Later, the feeling is stronger. Something just doesn’t seem right. You can smell it. And, by going back, you find it: a plot hole.

It is tempting, especially if you’re a no-outline writer or pantser or whatever the hell people call themselves these days, to just let it slide for now again. To fix that later as well. But I caution against this. Why? Because it’s a slippery fucking slope.

When you’re zero drafting, you can get away with that shit because you legitimately don’t know what the hell’s going to happen. You’re a wanderer in the middle of your own story, as lost as a tourist in the Thai red-light district. So those incongruities and problems…they’re a problem for Future You.

But during the rewrite…you are Future You. And Future You doesn’t have the same excuse.

There’s a world of difference between ‘this might work, I just need to think of how and I can do that later’ and ‘this doesn’t work in any incarnation of the story but I can’t be arsed to fix it’. If you know something is wrong, you should fix it before it spreads its diseased tentacles of wrongness throughout the story. One bad thing leads to another, which leads to another, which leads to six more…and before you know it, the story has gone off in entirely the wrong direction.

So, when you find them, fix the plot holes. Smooth things out. Make it as seamless as possible so that you can then focus on other stuff: the voices, the pacing, the mood, the tension. And, of course, the other plot holes that your beta readers will inevitably find.

Now, if you’ll excuse me, I have a breeding colony to find.

*If this is not someone’s nickname for their genitals, I am very disappointed in all of you.

The Ghosts of Past Drafts: Rewriting A Manuscript

“BITCH GET BACK DOWN THERE.”: St. Michael exorcising demons with the help of of his pretty floral bonnet.

Rewriting is harder than people think. I mean, you have the story down, in one form or another. You have the characters. Now it’s just a matter of taking out the bits that don’t work and replacing them with ones that do. Easy-peasy, right?

Imagine I’m pressing the world’s largest error buzzer right now.

See, it would be easy if the pieces you don’t want were happy to go away. If they would die, quietly and peacefully somewhere out of the way, like a gerbil that crawled into the wall and was never seen again.

But they don’t. They want to live. So they claw and scramble and pester, trying to get back into the story.
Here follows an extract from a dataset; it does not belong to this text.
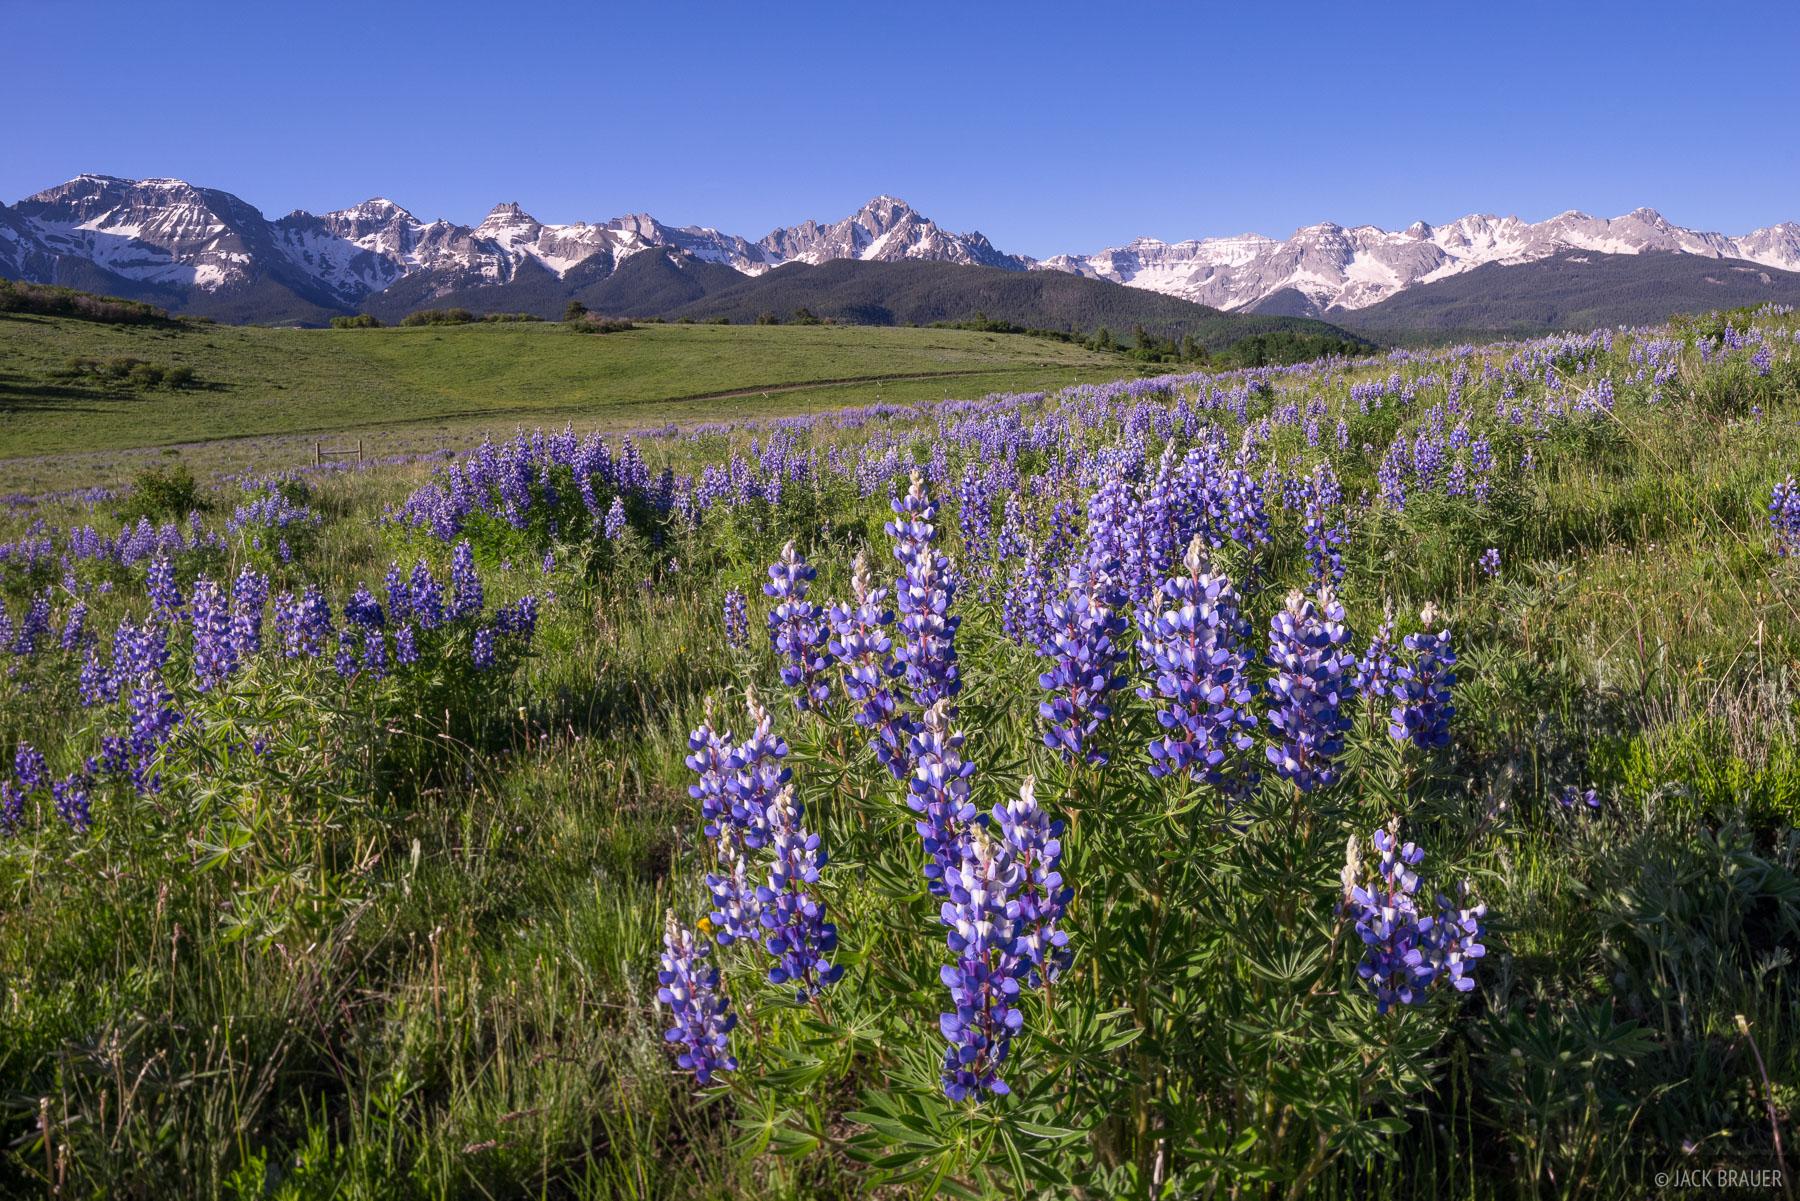 Colorado,San Juan Mountains,Sneffels Range, lupine, wildflowers, June, photo

This is a problem I call the Haunting. Old drafts can haunt your current one, trying to warp it back to a mirror of themselves, flaws and all. 
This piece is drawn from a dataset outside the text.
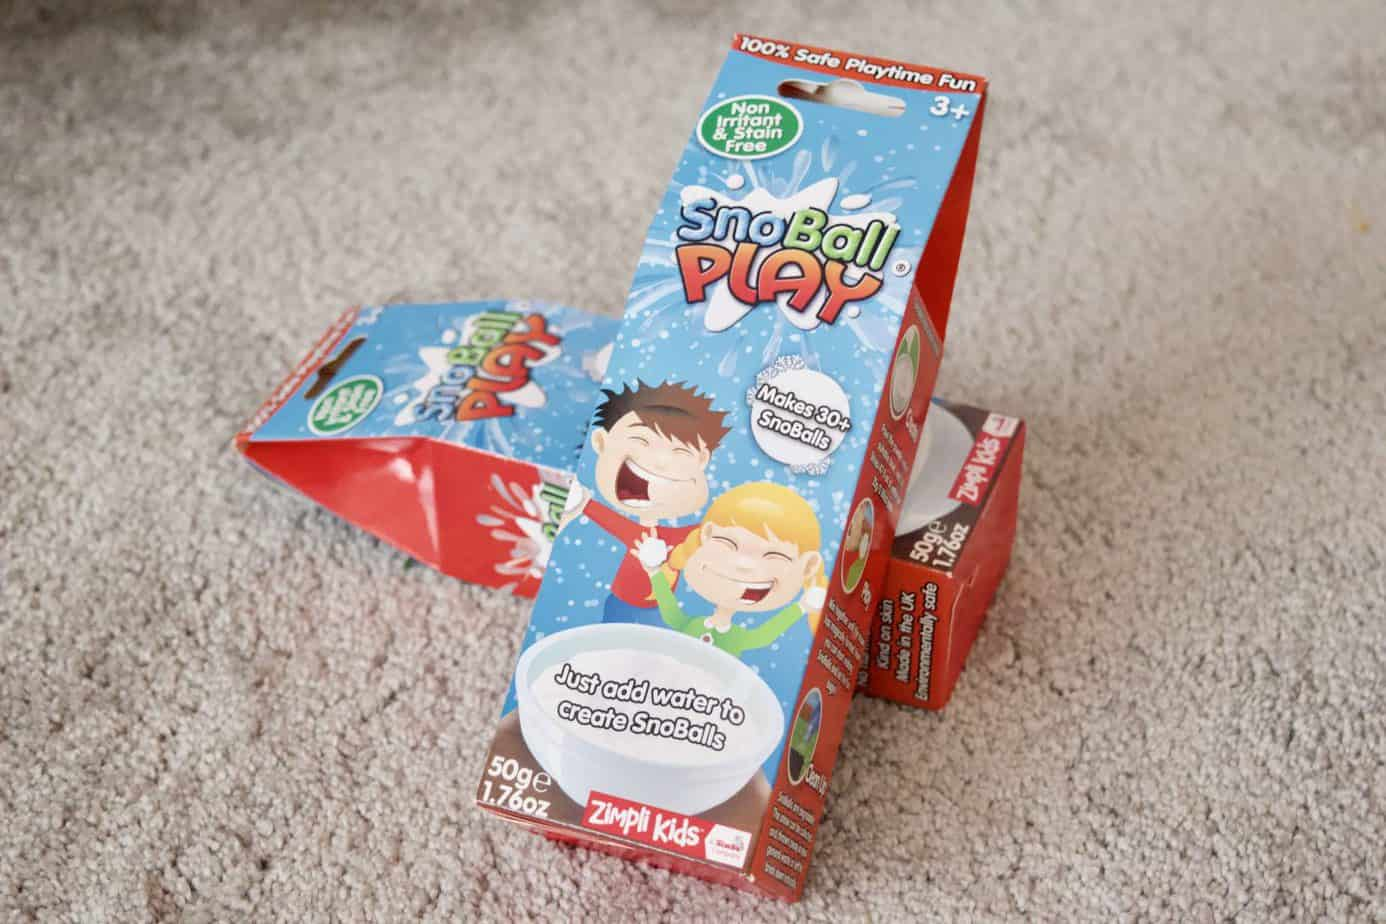 2 packs of Snoball play from Zimpli kids

Most of the problem is pure authorial laziness. Cutting and pasting without really—and I mean really—examining whether that scene works? Then get your bell, book, and candle, lads, because you’re going to have to exorcise something out of it in the future. 

Rewriting is like fighting the old draft for control. 

I was trying to rewrite a scene. A pivotal one, one that had been in the story since its very conception, when it was but a story fetus. I was fine with how it started and ended in the original, but the bits in the middle didn’t work with the changes I’d made. This will be easy, I thought. After all, the end points are the same. It’s just a matter of joining them up in a new way. Simple.

But every time I tried to rewrite it, the old scene wanted to intrude. Dialogue that I liked tried to work itself in, despite the fact that none of those characters were present any more. A fight kept trying to go a certain way when it had to go differently. Even setting details kept creeping in. The ghosts of those old drafts were doing their damnedest to hang on. 

When I realized what the problem was, I closed all other windows, including the old drafts I was working from, opened a new document, set my computer to block all incoming notifications, and started rewriting that scene again. With nothing to refer back to, it went easier. Not easy, mind you. I still had to claw for every sentence. But at the end of that day, I had a scene that was no longer haunted. 

A note for those of you embarking on the journey that is the rewrite: watch out for ghosts. Because they’ll drag you back every chance they get.